"I love my boyfriend but he doesn't want to have sex with me. What can I do?"
I have a bit of an unusual problem. My boyfriend of two years has never wanted to sleep with me. We are really in love and he is adamant that he doesn't have any sort of problem like impotence.
We sleep in the same bed almost every night, and it's humiliating and it's ruining my self esteem. He says it's because he hasn't got things 'sorted' yet.
He is working two jobs and trying to build up his own business in stocks and shares, so I know he is quite stressed.
I love him and don't want to cheat on him and have tried explaining that I have needs, but he doesn't ever give in. It's been two years! Please help!
It certainly is an unusual situation! I'm guessing though that this has little to do with sex and a lot to do with him needing to feel in control, being a perfectionist and fear of failure.
It's like he has to have every single thing perfectly in place before he can risk taking this final step toward intimacy. I'm guessing he isn't masturbating either.

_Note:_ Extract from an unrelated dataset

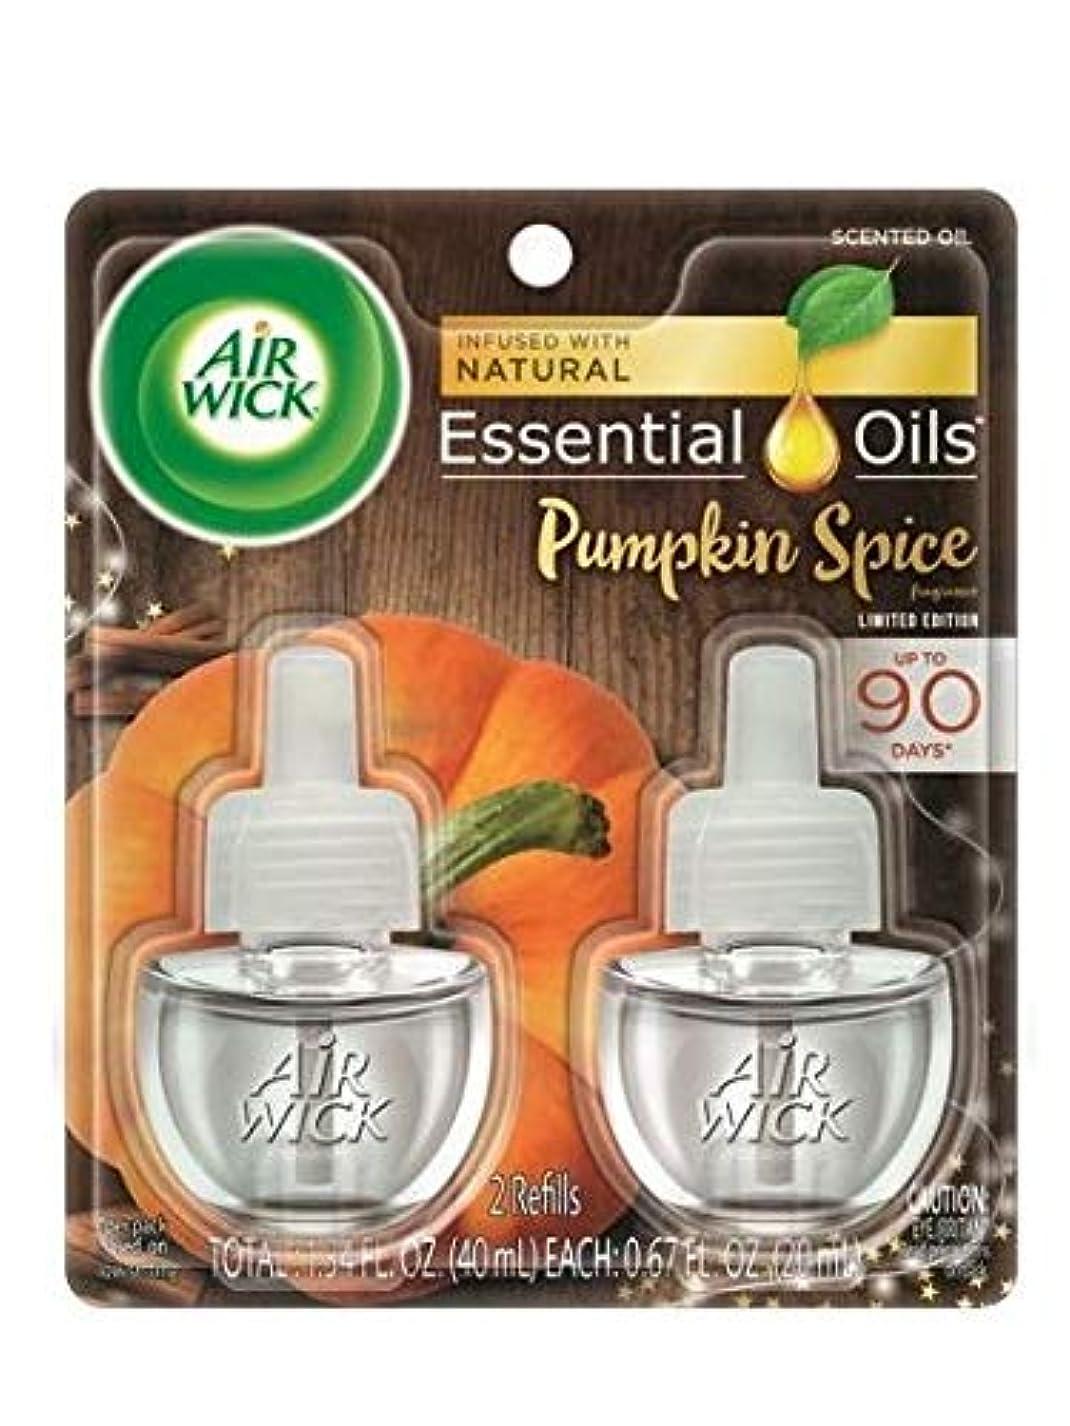 ペスト用心する中間【Air Wick/エアーウィック】 プラグインオイル詰替えリフィル(2個入り) パンプキンスパイス Air Wick Scented Oil Twin Refill Pumpkin Spice (2X.67) Oz. [並行輸入品]

To have such an extreme need for control to over-ride something as strong as the urge for sex, and to disregard your feelings when it clearly upsets you, suggests to me that something quite traumatic has happened in his past.
It could be something that happened in his childhood or it might be an ex-lover who ridiculed him or made him feel not good enough sexually.
The fact he's working two jobs and is clearly very ambitious suggests to me that he's desperately trying to prove something to himself and to you.
What's also clear is that he's finding it difficult to open up. I actually think he needs some therapy but whether he'll get help is another thing.
Try to get him to talk about his childhood, parents and other significant relationships and see if any alarm bells ring if you probe a little.
You might then be able to suggest he contacts an organisation like relate.org.uk or similar.